Comment 32 Lukáš Nykrýn 2016-04-11 11:21:50 UTC

I was unable to reproduce this issue, could you try to get a shutdown log for the issue with the new version of systemd?

https://freedesktop.org/wiki/Software/systemd/Debugging/#index2h1

Comment 33 Michal Sekletar 2016-05-05 13:27:57 UTC

I've built some test packages which contain related fix. Feel free to try them out.

http://people.redhat.com/~msekleta/systemd-219-20.el7.0.bz1047614/

Comment 34 Susant Sahani 2016-05-24 07:58:52 UTC

I believe this bug should be fix by this upstream commit.

Could you please try out.

https://github.com/systemd/systemd/issues/2390
https://github.com/systemd/systemd/commit/8c856804780681e135d98ca94d08afe247557770

please network.target in the After= directive.
----------------------------------------------------
# cat system/systemd-user-sessions.service
#  This file is part of systemd.
#
#  systemd is free software; you can redistribute it and/or modify it
#  under the terms of the GNU Lesser General Public License as published by
#  the Free Software Foundation; either version 2.1 of the License, or
#  (at your option) any later version.

[Unit]
Description=Permit User Sessions
Documentation=man:systemd-user-sessions.service(8)
After=remote-fs.target nss-user-lookup.target network.target

[Service]
Type=oneshot
RemainAfterExit=yes
ExecStart=/usr/lib/systemd/systemd-user-sessions start
ExecStop=/usr/lib/systemd/systemd-user-sessions stop
--------------------------------------------------

Comment 39 Michal Sekletar 2016-05-26 16:01:56 UTC

Hang on client side happens because processes under PAM session created by ssh are not put into a .scope systemd unit, e.g. systemd is not aware of those processes (loginctl knows about 0 sessions). Because of that, such group of processes is not scheduled to stop at shutdown and stays running up until the final killing spree, but even then, we first send SIGTERM and then SIGKILL. Hence if network connection is still up then there should be a chance to close ssh connection correctly. From shutdown log I see that customer is using network initscripts and ifdown script will put interface down if NetworkManager is not used.

Weird thing is that pam config actually looks ok because pam_systemd is listed in password-auth and that is then included by sshd pam config, so processes should really be inside .scope units.

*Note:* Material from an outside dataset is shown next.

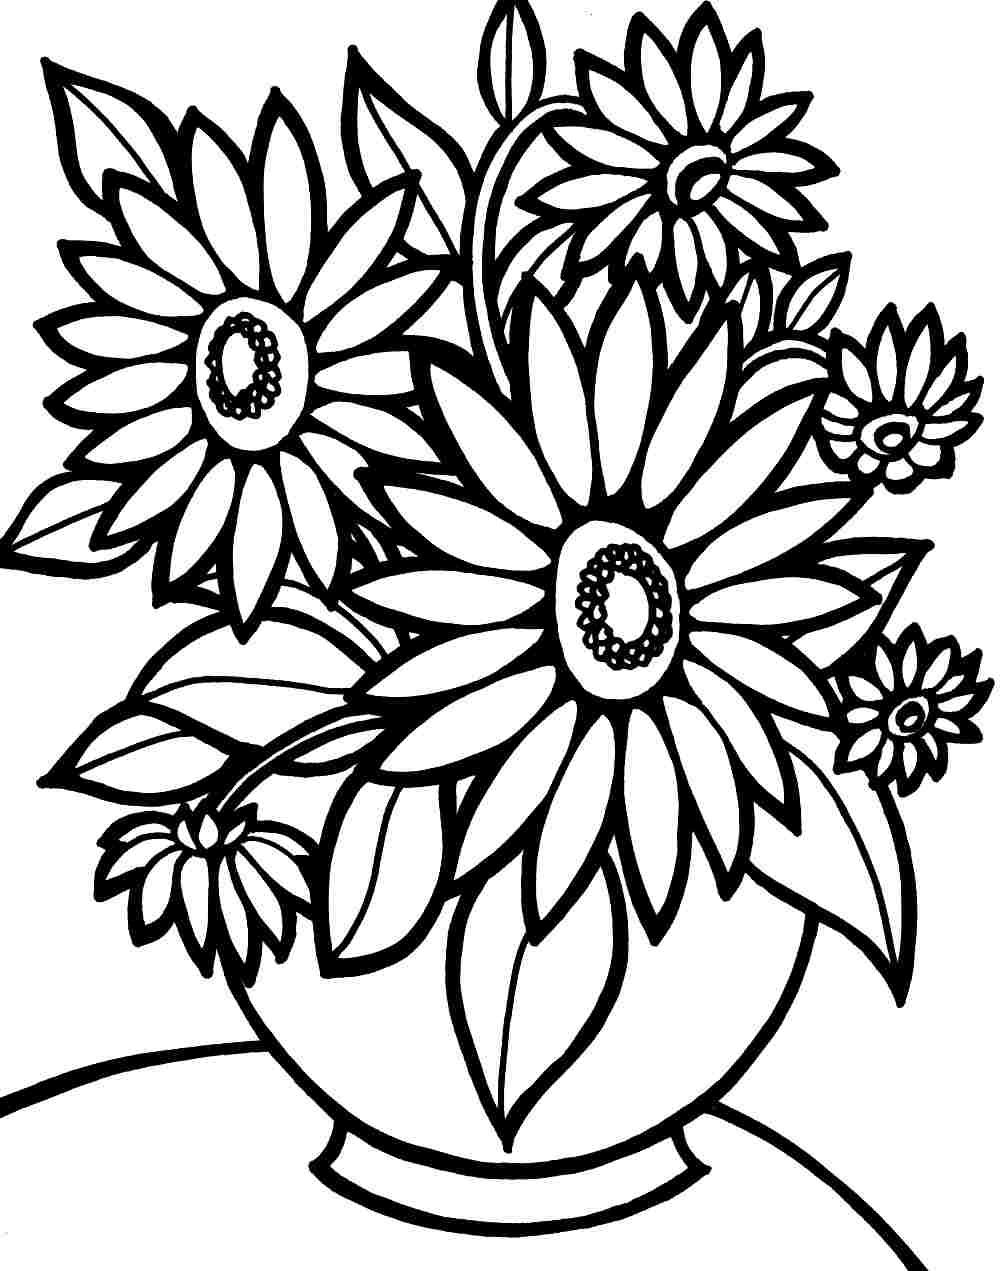 Coloring Pages Flowers Printable Www Mindsandvines Com Inside

Can you verify that pam_systemd module is present on the system? To do that you can run rpm -qV systemd-libs.

Comment 48 Michal Sekletar 2016-07-28 08:58:56 UTC

I've analysed sos_report and confirmed my suspicion about incorrect PAM configuration.

I think there are two ways how to resole this issue,

1) either fix PAM config to include pam_systemd.so module, hence all user processes are registered in respective scope units at those are scheduled to shut down before network connections are terminated by ifdown scripts.

or

2) use NetworkManager instead of initscripts. NM doesn't put interfaces down when it is stopped and ssh session can get gracefully terminated.

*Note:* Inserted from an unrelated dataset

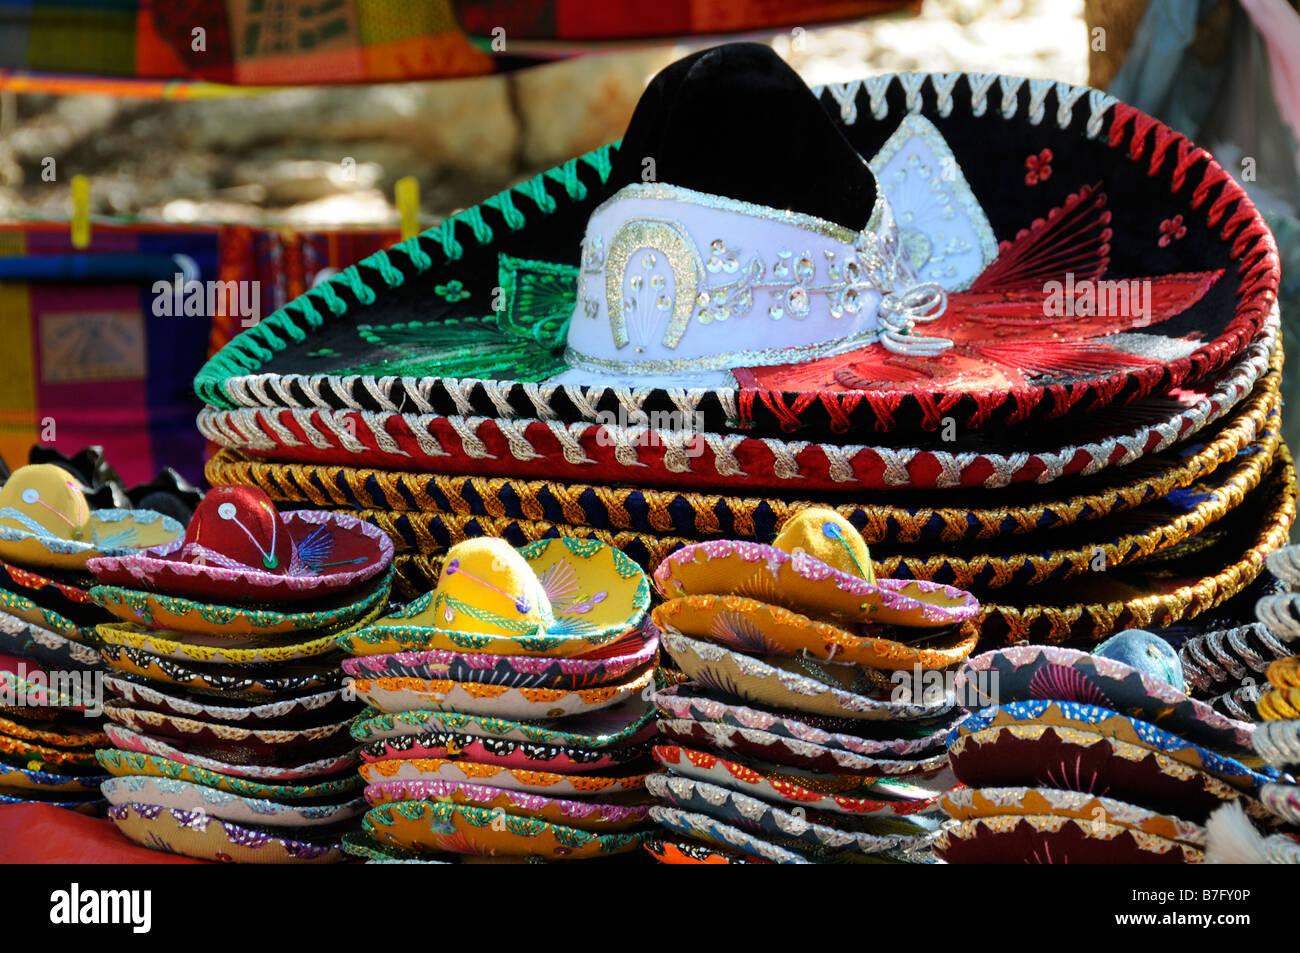 Pilas de sombreros Mexicanos e8f449f96d9

Either way there is nothing to fix in systemd or related component Closing as CURRENTRELEASE. Feel free to reopen in case I've missed something.

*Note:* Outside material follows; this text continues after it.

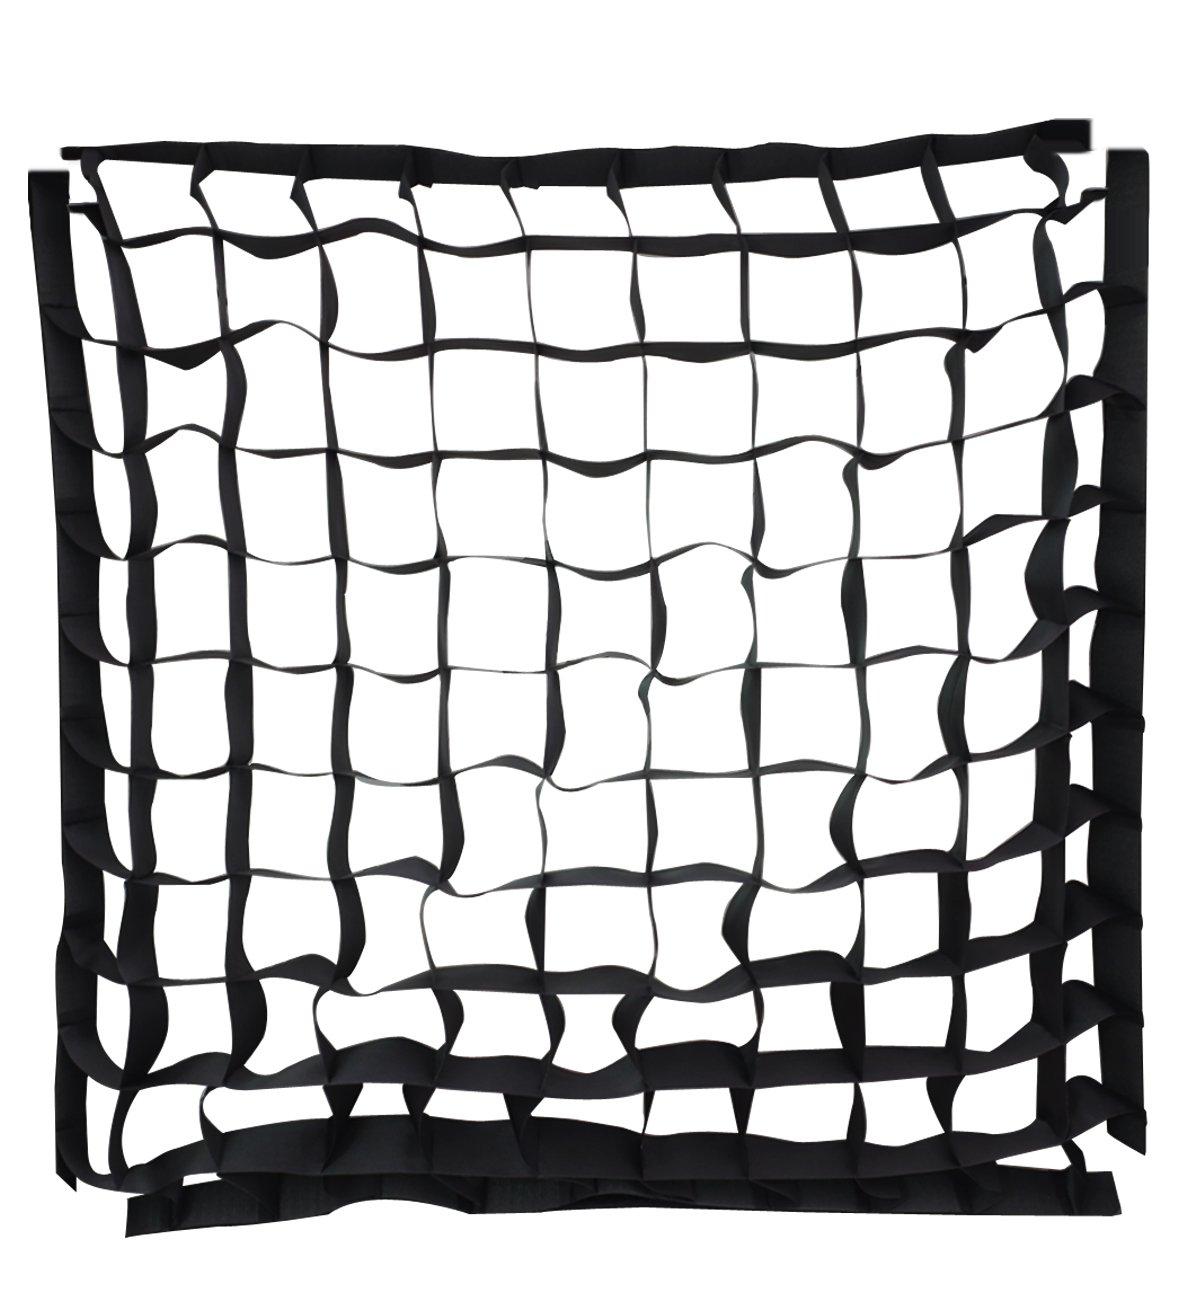 Grid de 40x40cm (solo grid) marca Godox

Comment 49 Helmut K. C. Tessarek 2017-05-10 22:12:10 UTC

This bug still exists in Redhat 7.3, btw.

$ reboot

PolicyKit daemon disconnected from the bus.
We are no longer a registered authentication agent.
<after about 60 seconds>
packet_write_wait: Connection to xx.xx.xx.xx: Broken pipe

Comment 50 Michal Sekletar 2017-05-11 07:01:58 UTC

(In reply to Helmut Tessarek from comment #49)

> This bug still exists in Redhat 7.3, btw.

This issue should be reproducible only when you don't use pam_systemd and you use legacy network initscripts instead of NetworkManager.

In case you see the issue but your system is not set up in a way I described above then please file a new bug report.